Try it
In your copy, each line below is repeated exactly and no image appears.

Exercise data
BEGIN

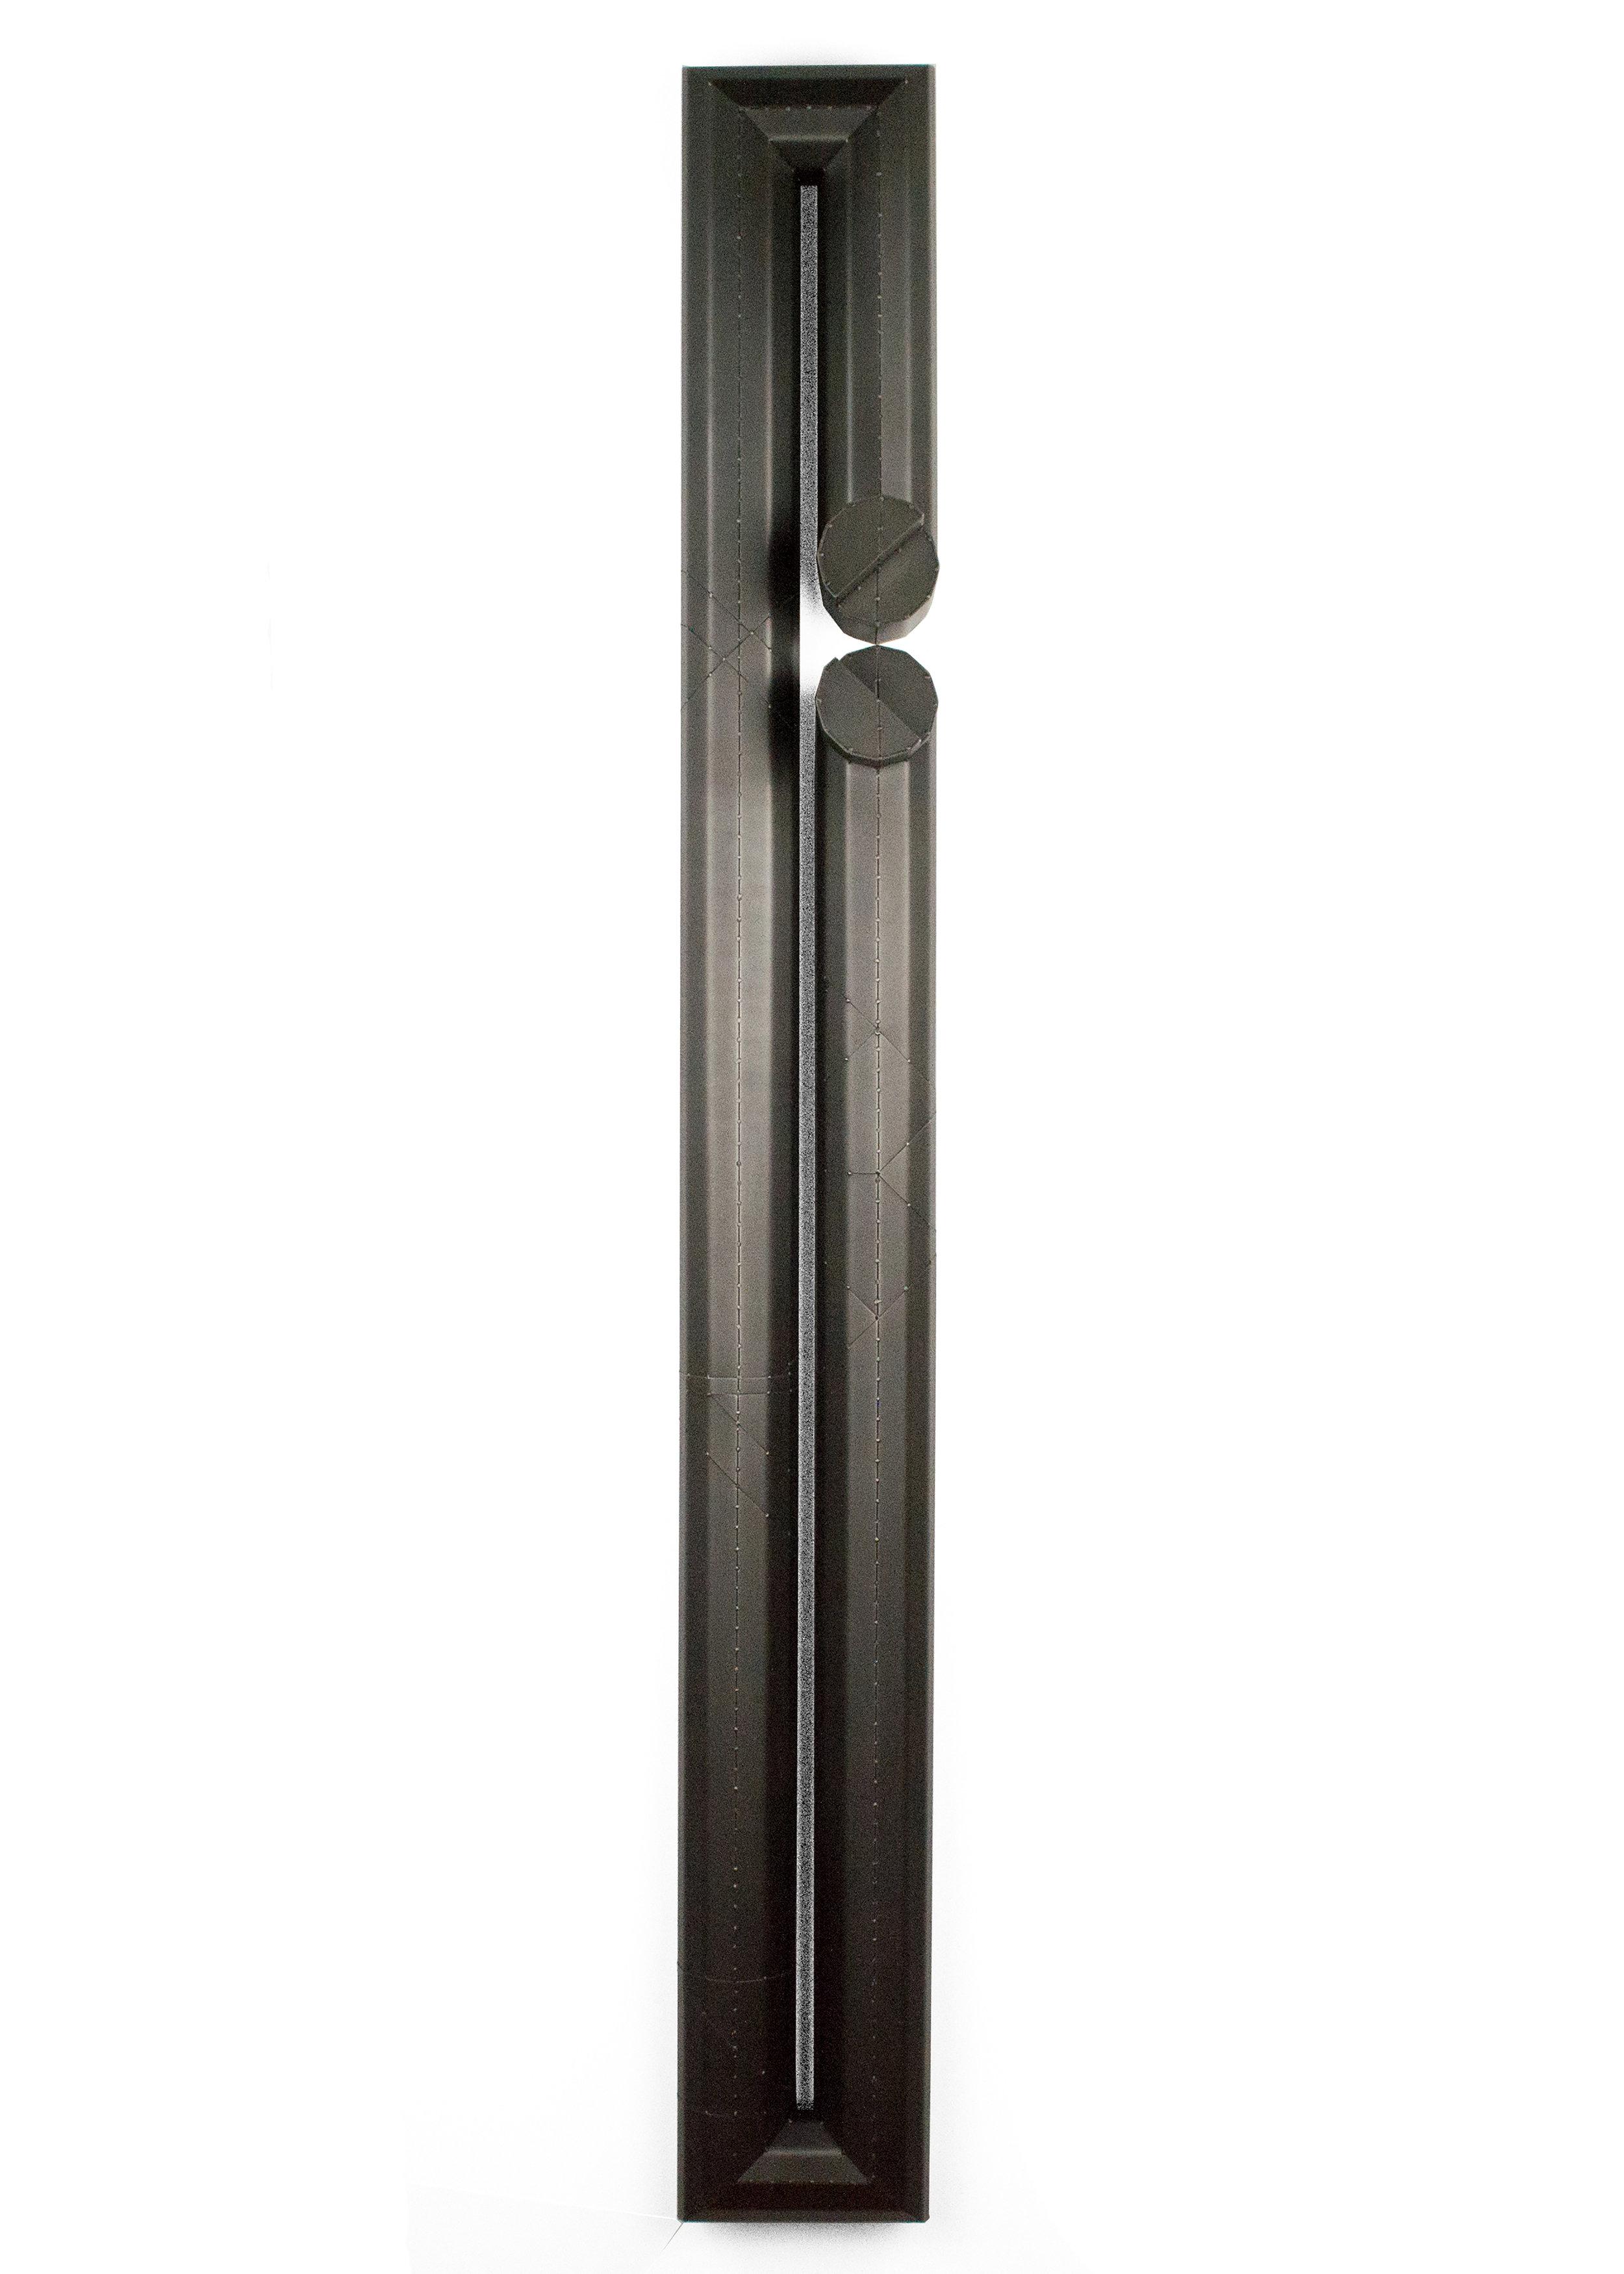 Verge  blackened steel 54.5 x 6.5 x 5 in  2019
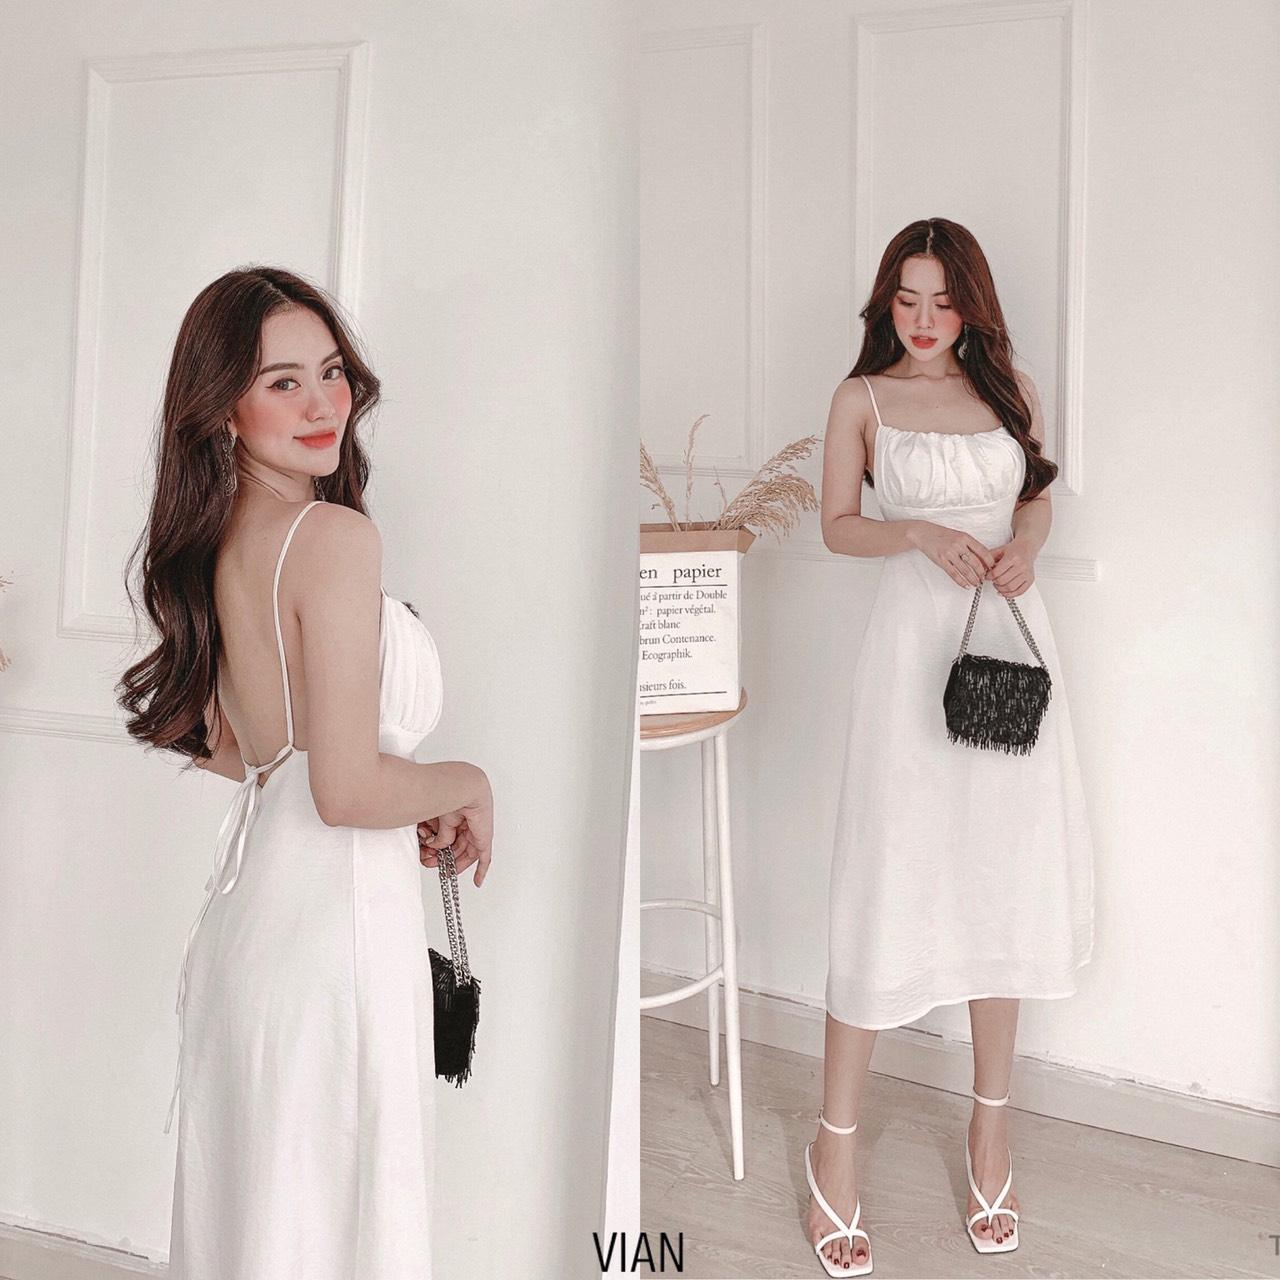 Đầm maxi 2 dây thiết kế Vian dress - váy maxi đan dây lưng - đầm dự tiệc
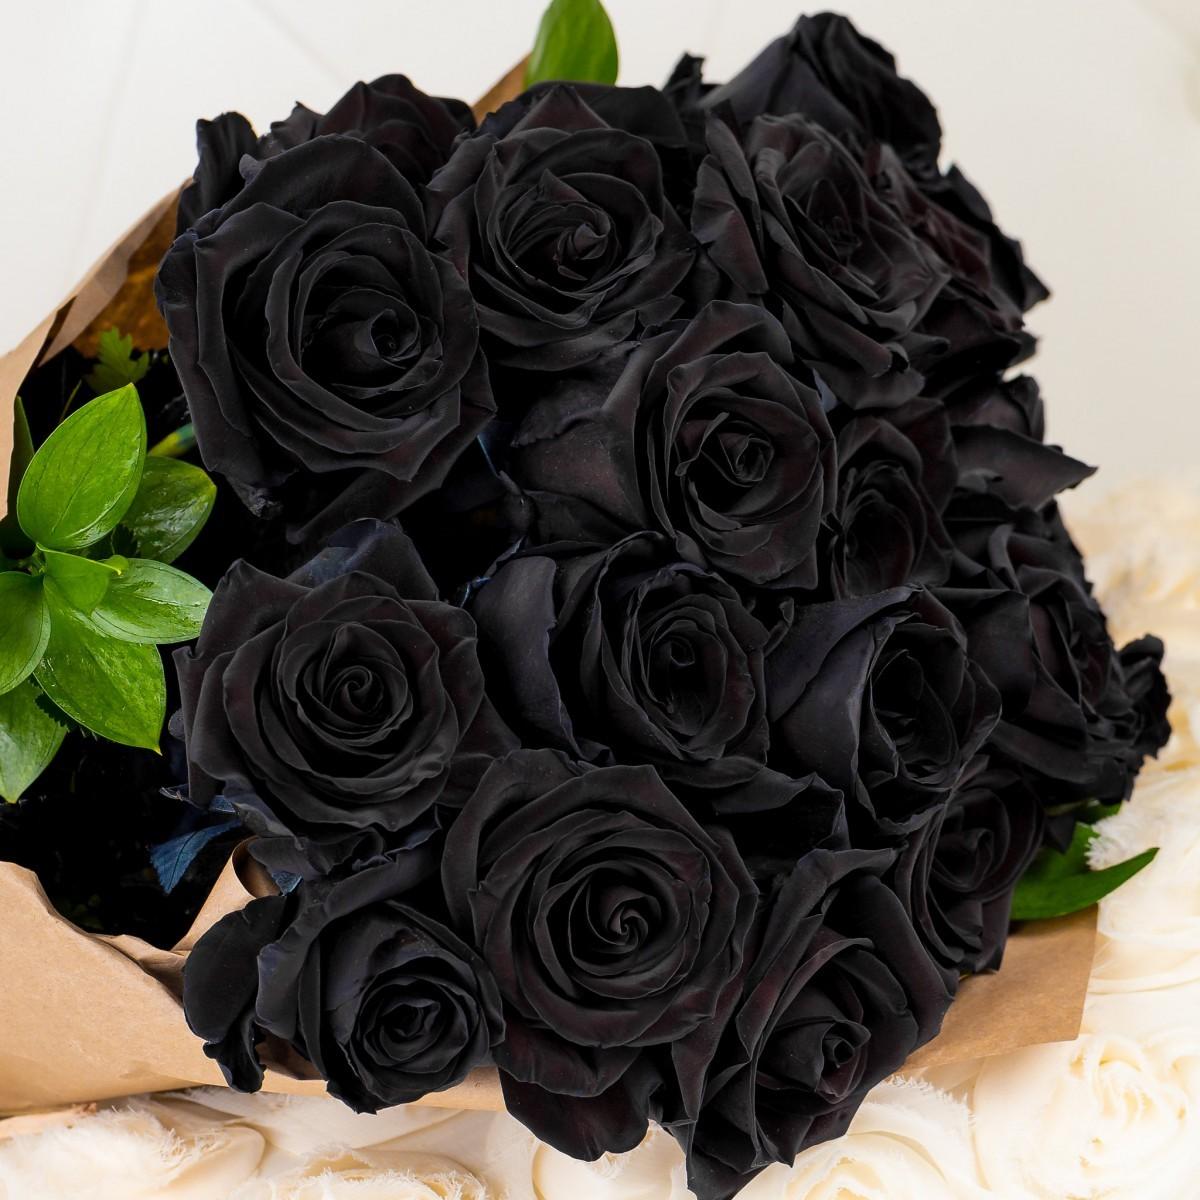 الورد الاسود

END

Solution to this problem
 Verge  blackened steel 54.5 x 6.5 x 5 in  2019
 Đầm maxi 2 dây thiết kế Vian dress - váy maxi đan dây lưng - đầm dự tiệc
 الورد الاسود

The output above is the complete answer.